Fast-track software firms are seldom able to keep up with the growth pace set by the sales organization. The software developers and support team are overwhelmed just trying to please customers. It is important to determine how responsive the software firm is to requests. Investigate how well the company handles high impact bugs as well as enhancement requests. And, you need to determine this by talking to a number of users, not just the economic buyer.

• Require that the vendor demonstrate up front that the application can address any unique needs you may have.

Software vendors are notorious for selling “futures”-features and functions that a client would find highly desirable but are not available yet. One should not assume that all of the features and functions touted are available in the software.

If a feature or function is important to you, have the vendor demonstrate to your satisfaction exactly how the software addresses the problem. If the vendor cannot demonstrate the feature or function, the new feature may still be under development or (worse) being considered by product development. You also should inquire whether the capability being demonstrated is part of the existing product, planned for a future release, or will be added to a future enhancement release. If the capability is not in the current product, be sure to assess the likelihood that the functionality will be available in the time frame required. Be skeptical. The easiest product to create in the world is a data sheet.

• The client must accept responsibility for implementation through involvement.

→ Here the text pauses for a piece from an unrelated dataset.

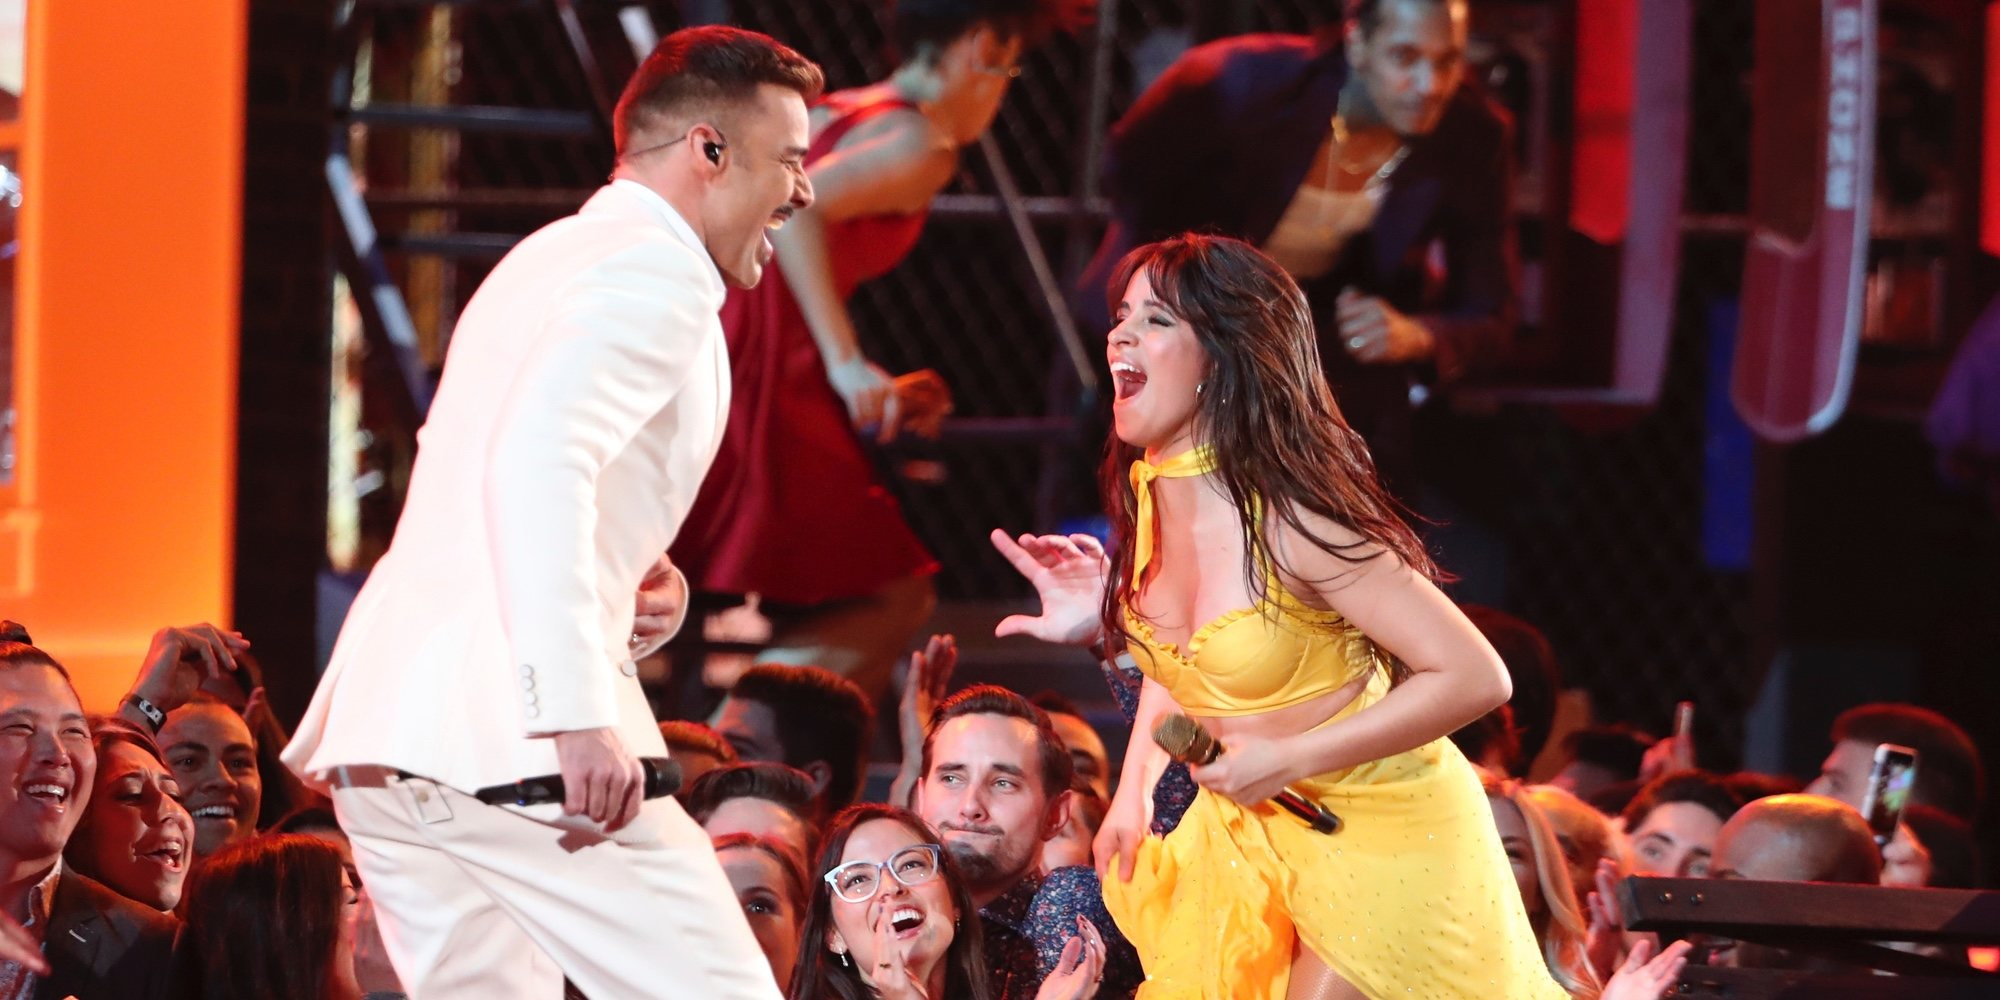 Ricky Martin revolucionó la alfombra roja de los Grammy 2019 junto a su hijo Matteo

Every consulting engagement should contain one overriding goal: client self-sufficiency. In order for a client to become self-sufficient, there must be one or more people who will take over responsibility for day-to-day management of the application. It is impossible to make the hand-off if no one is available to take the ball. Every information technology project plan should include an exit plan for the consultant. If the client is unwilling to accept ownership, this can contribute to disaster.

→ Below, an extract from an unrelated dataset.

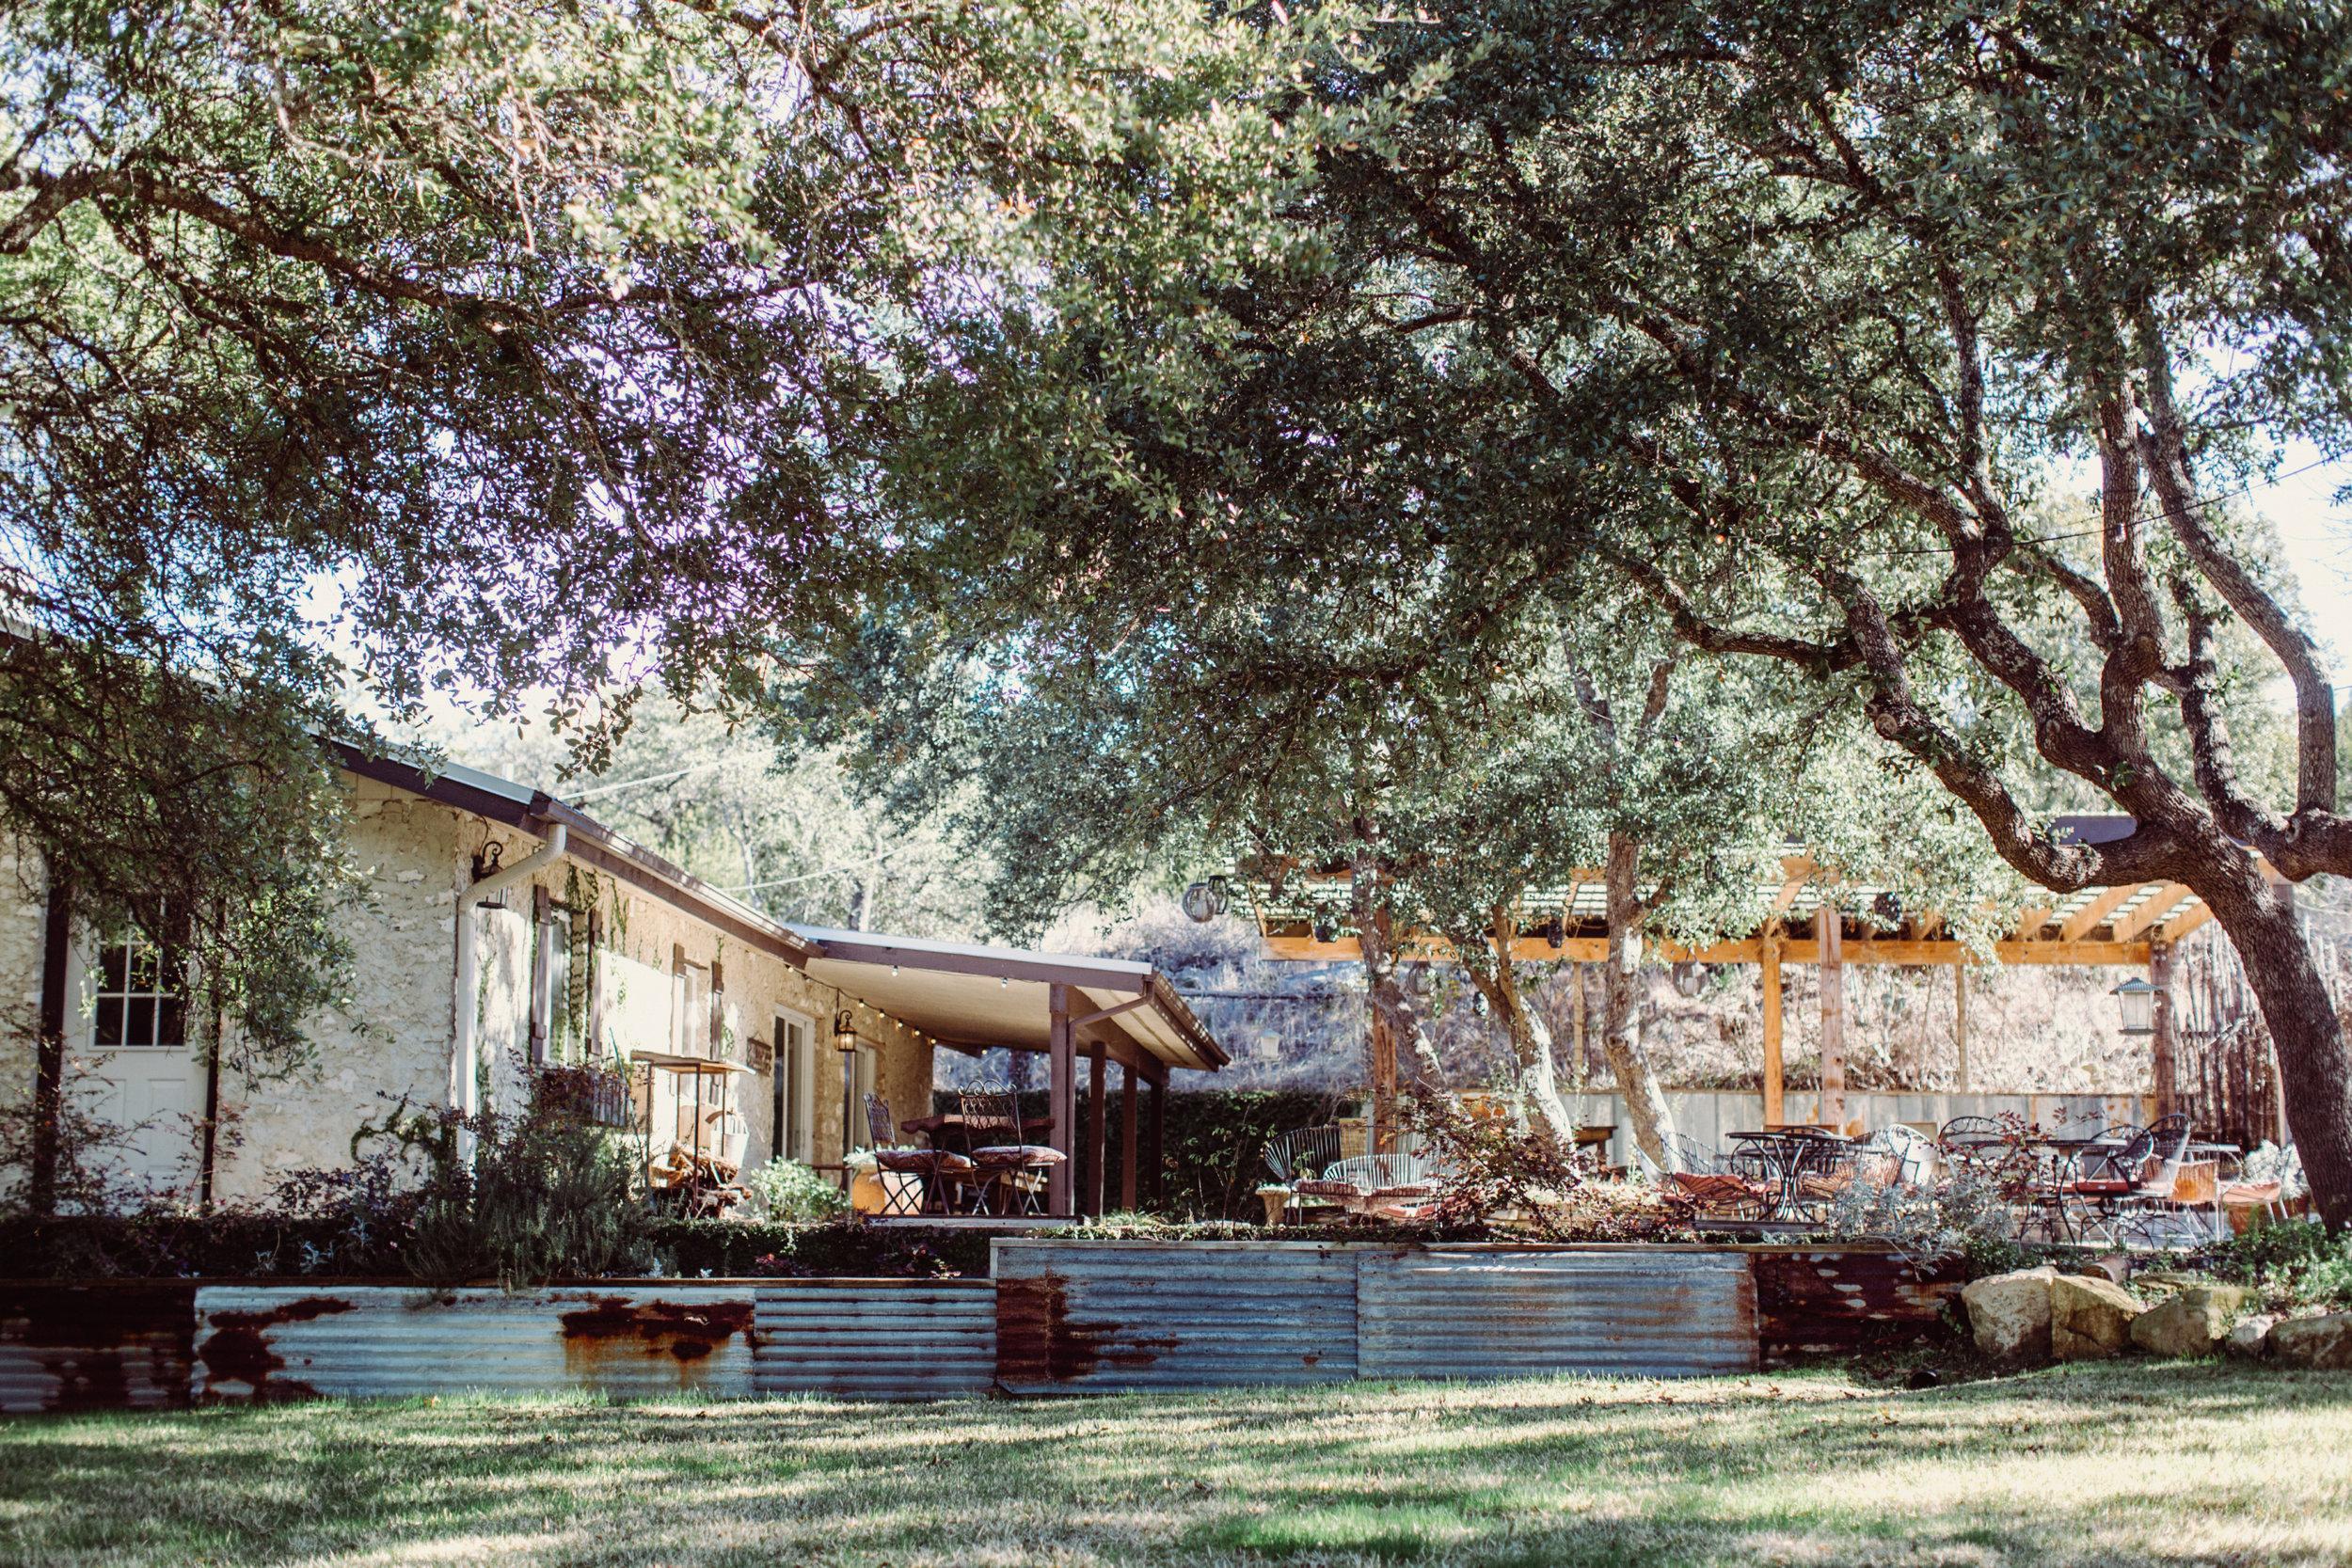 the-creek-haus-austin-texas-wedding-venue-destination-austin-texas-lodging-winter-open-house-honeymoon-cottage-jona-christina-photography

• Inadequate budgeting for training and conversion from existing application environments.

When a company rolls out a new application, there is only one opportunity to make a first impression. The user’s initial impressions will be very difficult to change. If inadequate training and support budget is available, the users will never embrace the new technology.

During training, it is important to properly set expectations about problems the users will encounter such as performance problems, known bugs, application enhancements being made, etc. If you try to conceal defects, the users will have little faith in your appreciation for their needs.

As most information technology projects take longer and cost more than anticipated, the efforts at the end of the project are short-changed. The likely budgetary targets are the training budgets. Resist the temptation to cut corners here.

• Conclusion

I hope that these ideas are helpful for you and your clients. If it seems that I view software vendors with some skepticism, I plead “guilty.” In more than a few instances, I have been called to clean up the mess left behind in board rooms by software sales people setting unrealistic expectations.

Do software vendors act unethically? In some instances, the answer is clearly “yes.”

Several years ago, I asked a panel of software vendors why each of their companies had added a feature on their data sheets when none of them had the ability to support such functionality. One panelist responded that in the vast majority of sales situations, the vendor’s price for saying “no” would have meant exclusion from future consideration as a software vendor. When a competitor added the functionality, each vendor “added the functionality” to their data sheets.

When it comes to information technology projects, the watch words are caveat emptor-buyer beware.